The information contained below is being made publicly available on the web for the first time.
Covington, WA, is a fast-growing suburb of Seattle located in southeastern King County. I used to live just up the road from Covington in Kent.
Covington is booming, with many new retail and housing developments. I was there not too long ago. There is a new Safeway, I believe, with a Starbucks in it, and another Starbucks across the parking lot in the same strip mall!
In 2005, Wal-Mart opened a store there after some opposition. Building a Wal-Mart anywhere in the metroliberal Seattle area is next to impossible, as you can imagine. I've been to the Covington Wal-Mart. It is very nice and very unobtrusive, located well off the main drag of Kent-Kangley Road.
Michael Luis & Associates, a public affairs, communications and civic leadership consulting firm in the Seattle area, has prepared profiles assessing the impact of the opening of Wal-Mart stores in communities throughout Washington. The one concerning Covington can be downloaded here.
Thursday: We'll hop over to Apple Country and look at the effects of the Wal-Mart that opened in Wenatchee.
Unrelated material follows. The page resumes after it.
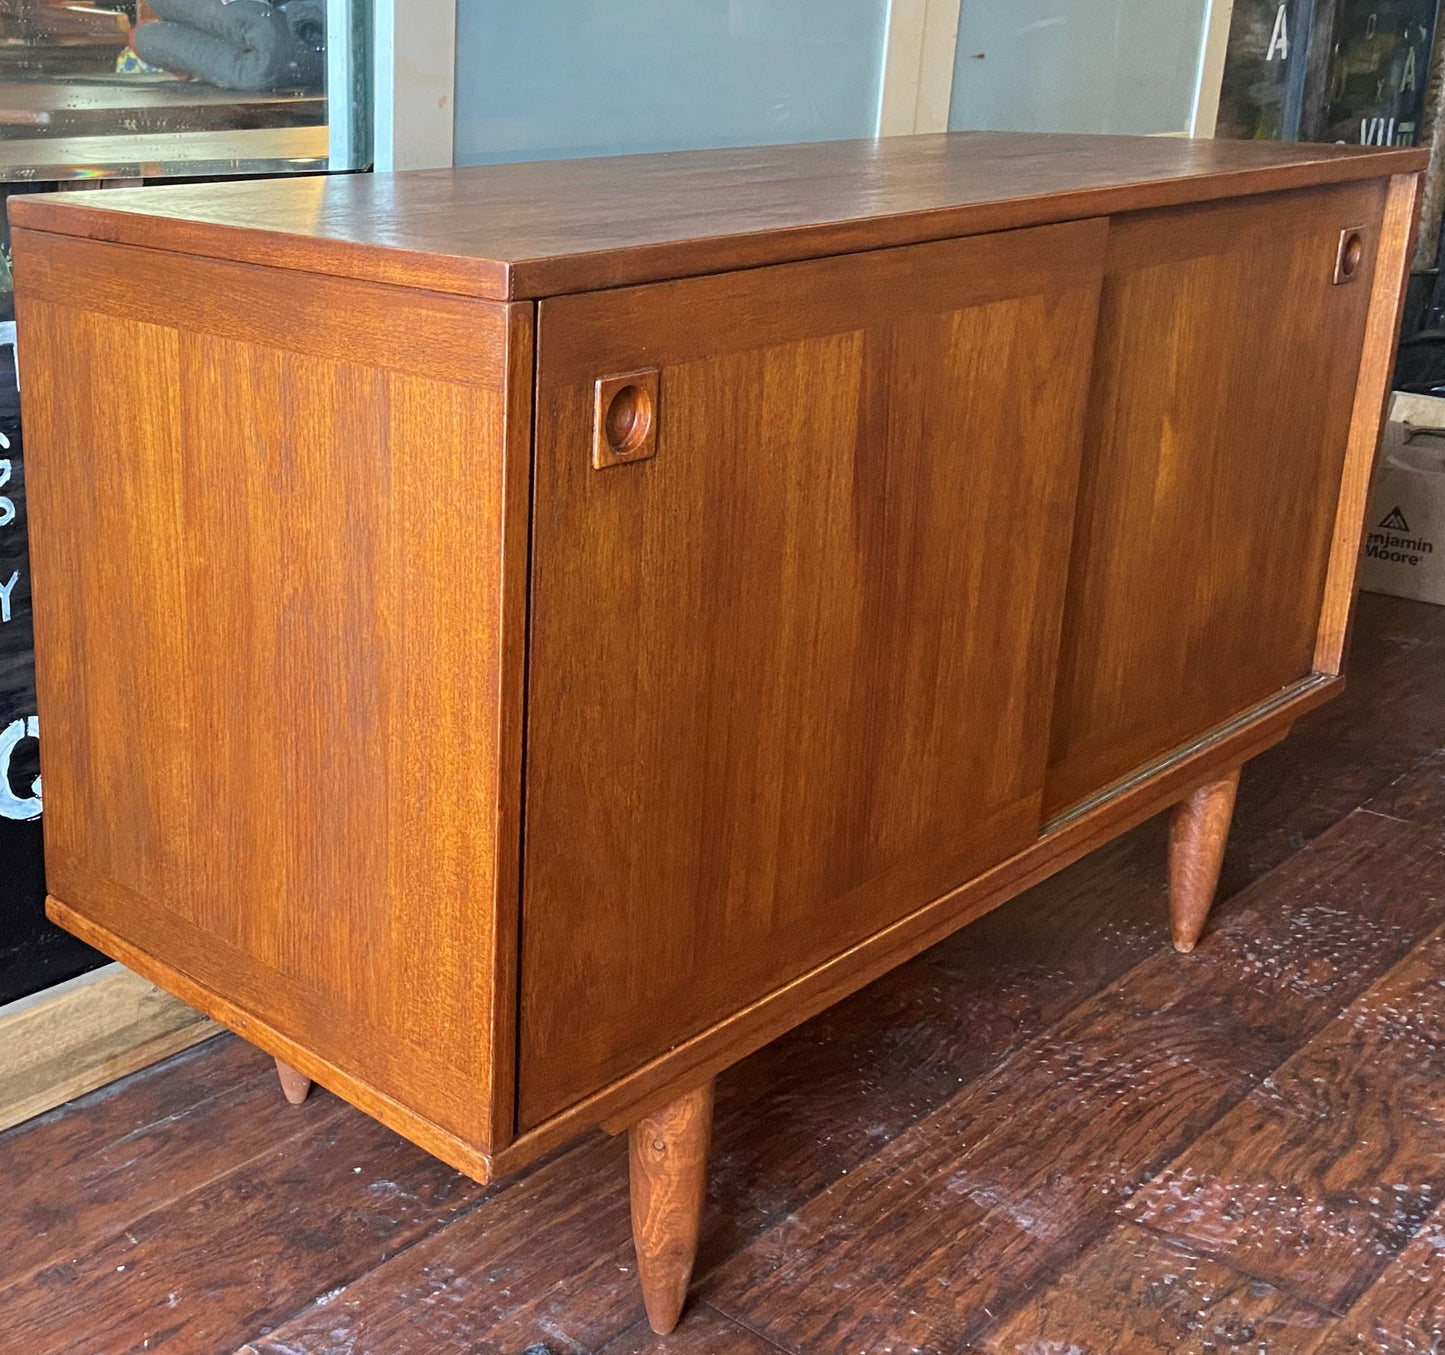 REFINISHED Swedish MCM Teak Sideboard with Finished Back, Compact 47", Perfect
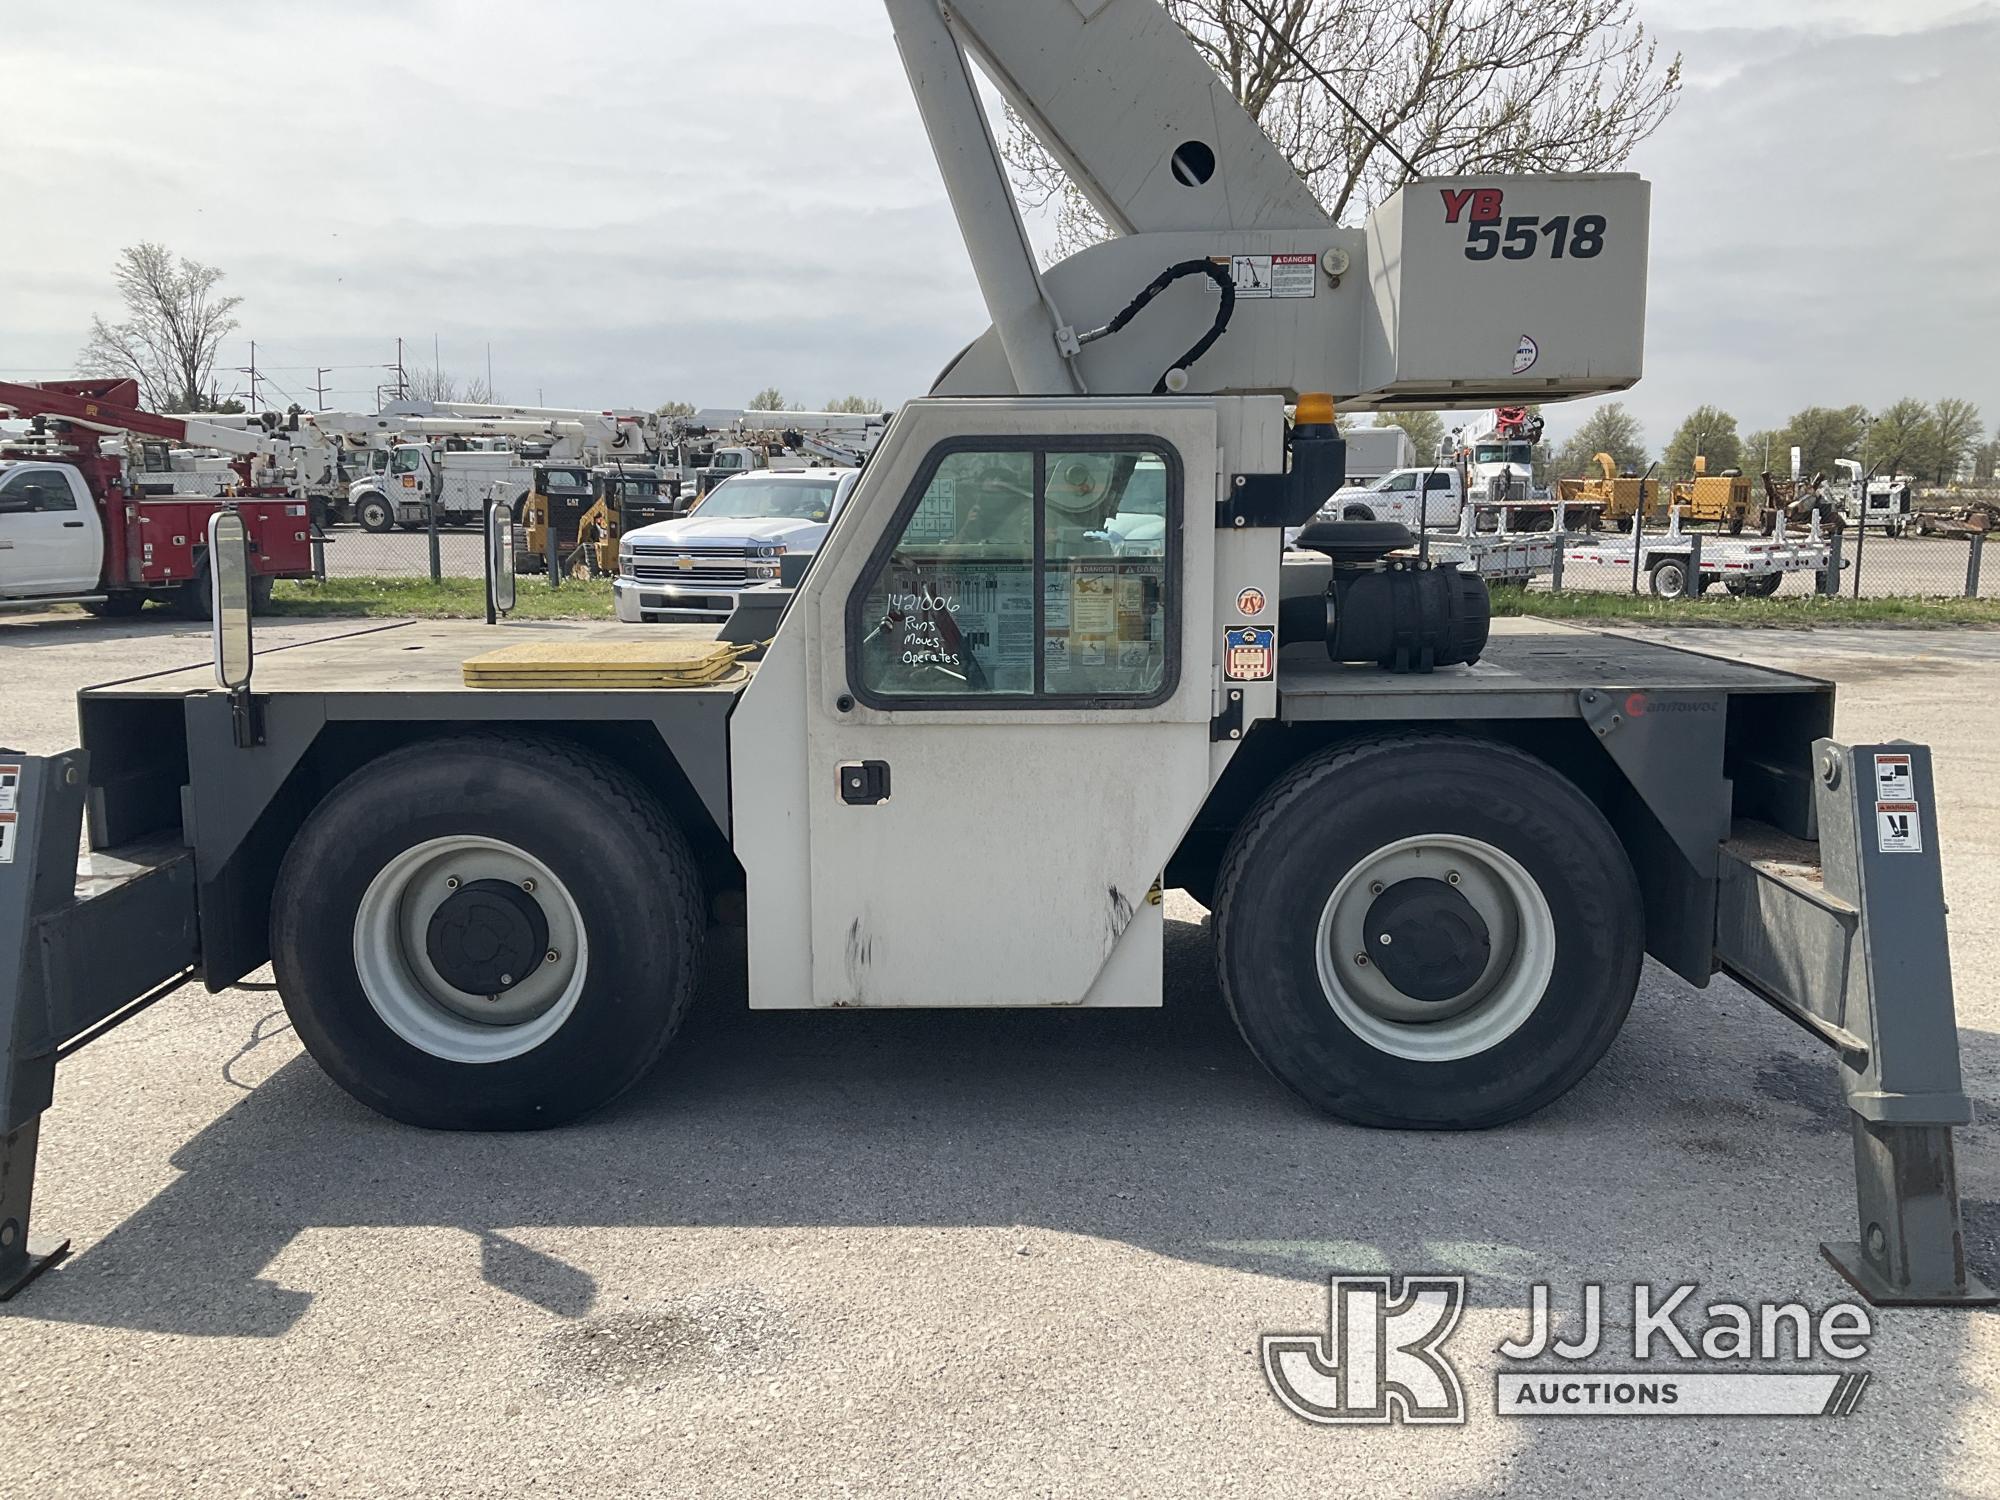 (Kansas City, MO) 2012 Grove YB5518 Carry Deck Crane Runs, Moves, & Operates) (Buyer Will Have To Ge

The Covington Wal-Mart has only been open two years, but the impact of that store opening is clear. The major jump in sales from 2004 to 2005 reflects the opening of the new Wal-Mart in Covington, which opened its doors in early 2005. Retail store sales growth in this fast-growing community has been even stronger and more consistent than Covington since 1998. Sales growth in Maple Valley slowed only very slightly from 2004 to 2005, during the opening year of the Covington Wal-Mart, indicating that the new Wal-Mart did not take a big bite out of retail in Maple Valley. The retail customer traffic drawn by Wal-Mart has been a catalyst for additional retail development in the emerging “downtown” of Covington. Covington has benefited from increased tax revenues generated by expanded retail. A major new retailer like Wal-Mart shows up most prominently in increased local sales tax revenue, but also shows up in property taxes paid on the new building and whatever mix of business and utility taxes levied by the local government.
...the jump in inflation-adjusted revenues to the City of Covington between 2001 and 2005. During this four year period alone, sales tax revenue grew an inflation adjusted 54 percent.
As part of the development of the store, Wal-Mart made significant contributions to traffic mitigation measures that will serve other retail and future residential development in Downtown Covington. According to Hart, a well-designed store and adequate traffic improvements have made Wal-Mart a major net plus for the City. According to Messer, of the Covington Chamber, Wal-Mart is a “fantastic” contributor to the community. Store personnel are active in the chamber and in local service clubs, regularly attending events.
In 2006, Wal-Mart made two important community contributions. When the annual “Covington Days” festival was threatened with cancellation, due to lack of funding, Wal-Mart stepped up with a check for $10,000, ensuring that the festival would take place. Wal-Mart also participated in a volunteer recognition event at Covington Elementary School, providing clothes for students to wear at a fashion show.